In Wisconsin, Johnson dealt with emerald ash borer — an exotic beetle, native to Asia, that was discovered in southeastern Michigan near Detroit in 2002. This invasive species lay their eggs in bark crevices on ash trees and do damage as larvae eat their way out of the bark, burrowing deep into the trunk to insulate themselves against the cold, according to a New York Times article published in 2014. Though emerald ash borer has not been detected in North Dakota, it is predicted that it will reach the state in the coming years, he added.
“And so, being aware of that, being proactive in preparing for it if it does come or having that mindset that it will probably be here gives us hopefully a leg forward in battling it or preventing it,” Johnson said. “So having some experiences with it, that helps me prepare for understanding how it’s transmitted (and) how it’s transferred through the state in different areas.”
In an urban setting, there are different concerns, diseases and hazards that a forester deals with compared to a wilderness setting, such as tree assessments. Some concerns could be if the tree is or could be harmful to humans, if roots are exposed in a yard and a homeowner clips them with a lawn mower or if a tree has an underground root system that could lead to sidewalk damage.

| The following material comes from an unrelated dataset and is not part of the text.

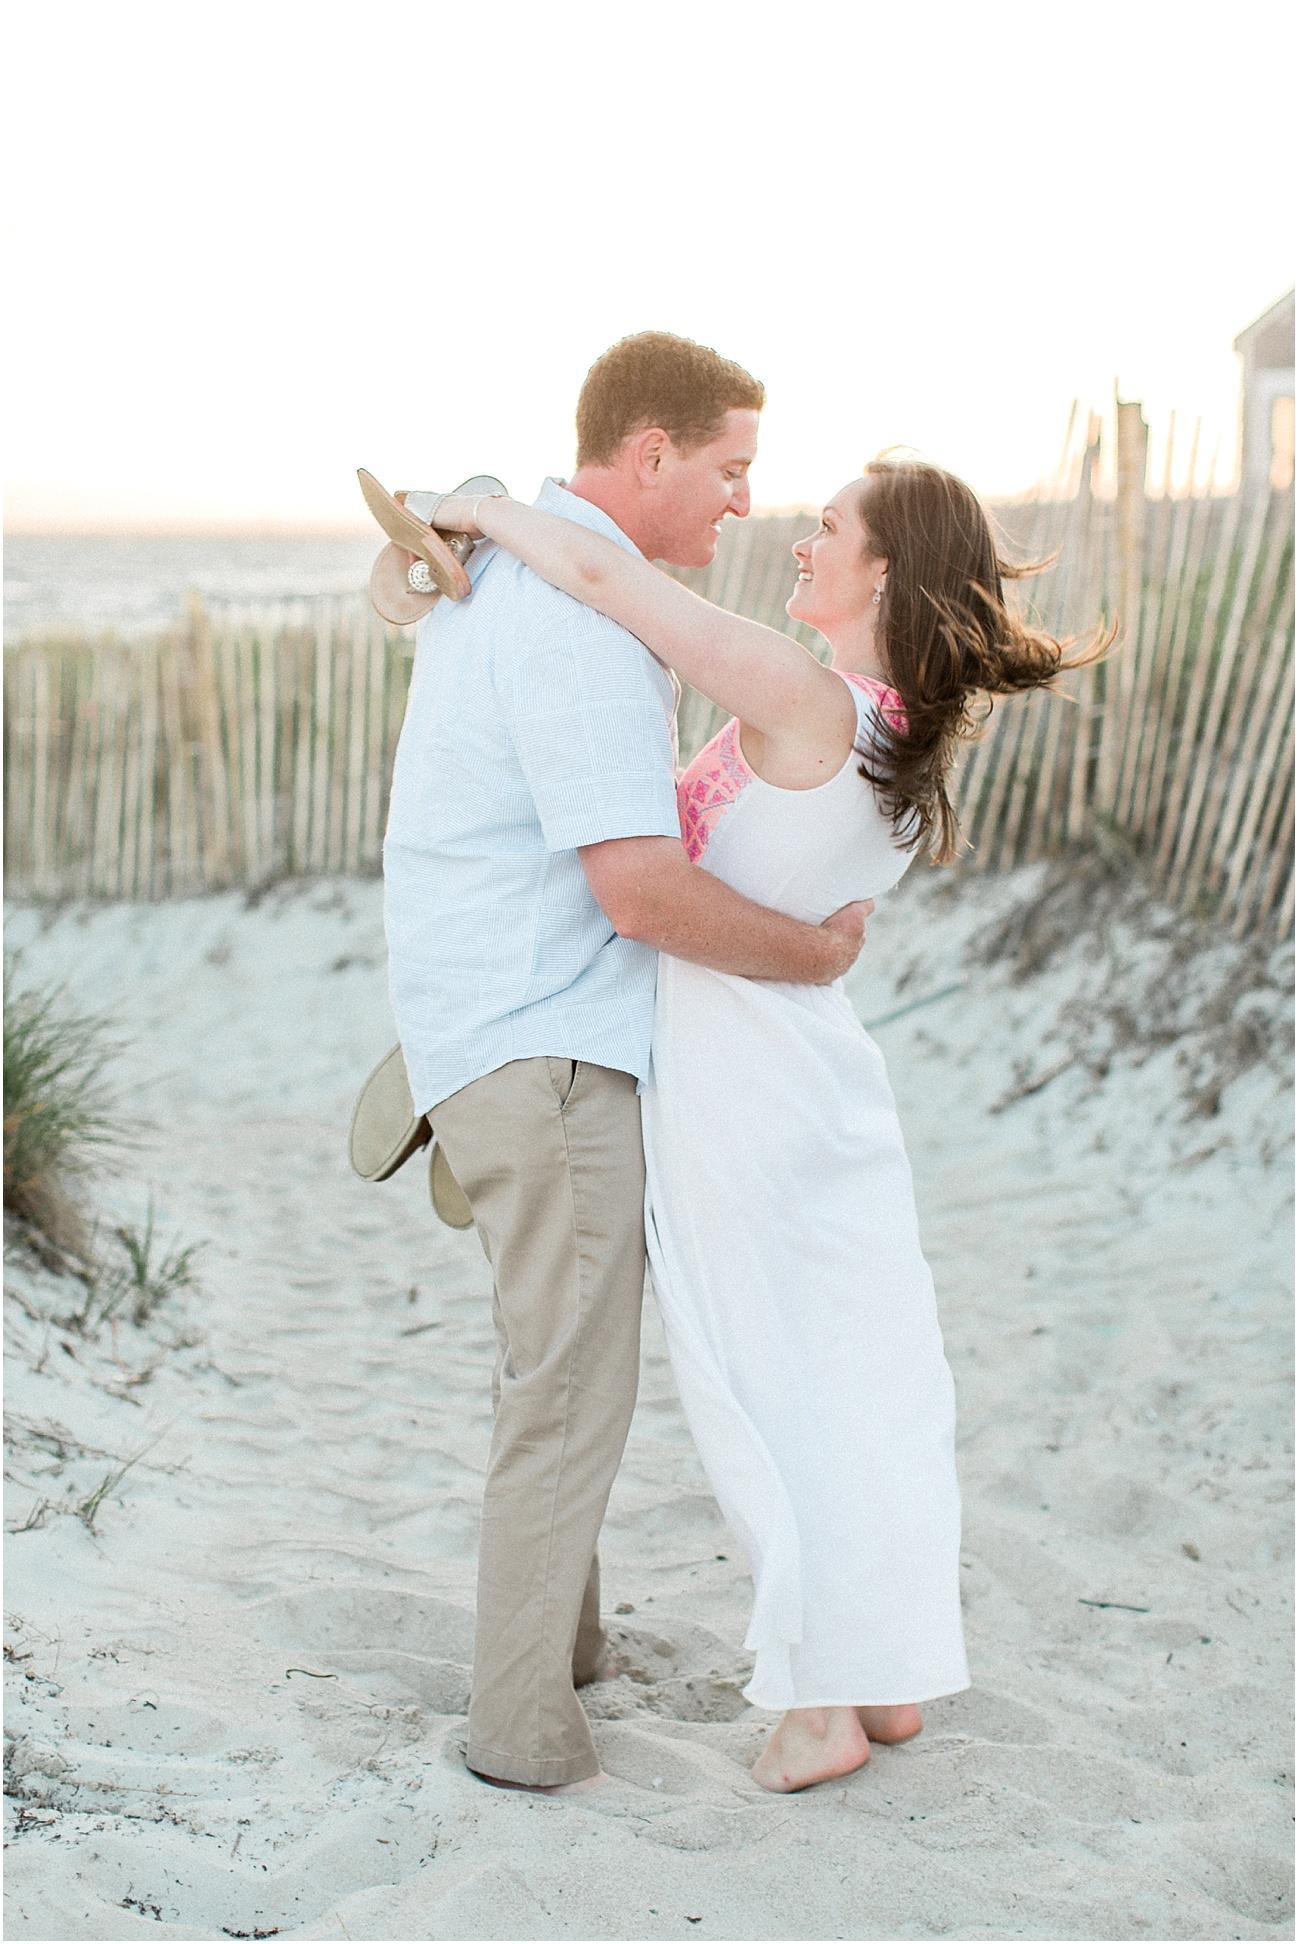 shannon_dan_engagement_session_sea_crest_beach_old_silver_chartroom_yacht_club_cape_cod_boston_wedding_photographer_meredith_jane_photography_photo_0339.jpg

“Even like this morning, there was a vehicle accident downtown that hit a tree. So I received a call to go check on the health and the condition of the tree after knowing that the individual was alright... I didn’t really ever have that issue in my career before on a vehicle hitting a tree and checking on the health of the tree,” he said. “So it’s a little bit different in that aspect, but it’s fun and it widens your knowledge and your more broad-based understanding of what hurts and affects species of trees.”
Forestry is evolving, Johnson said, explaining that the introduction of new technology and applications will help with forest management and inventory.
“When you think about Dickinson and being a prairie state, there aren’t a lot of trees. But once you have an inventory and look at what you have, there are a lot of trees. So it’s understanding that a little bit and knowing that there is a lot of care that goes behind it as well,” he remarked. “Developing more (and) taking initiatives is something that I want to look into a little bit more with the program.”
For the past year, Johnson, his wife and 3-year-old son have fallen in love with Dickinson. He hopes to bring a different perspective and fresh energy to the role of city forester.
“... There’s always a need for trees. They’re along the river ways or some of these areas, you’ll see native species of trees grow… There’s always a need for vegetation, shrubs (and) flowers,” he noted. “As we continue to develop areas, it's good to build and expand. But it's also good to do that as well with the trees. So having that outreach (and) that education is very helpful and needed.”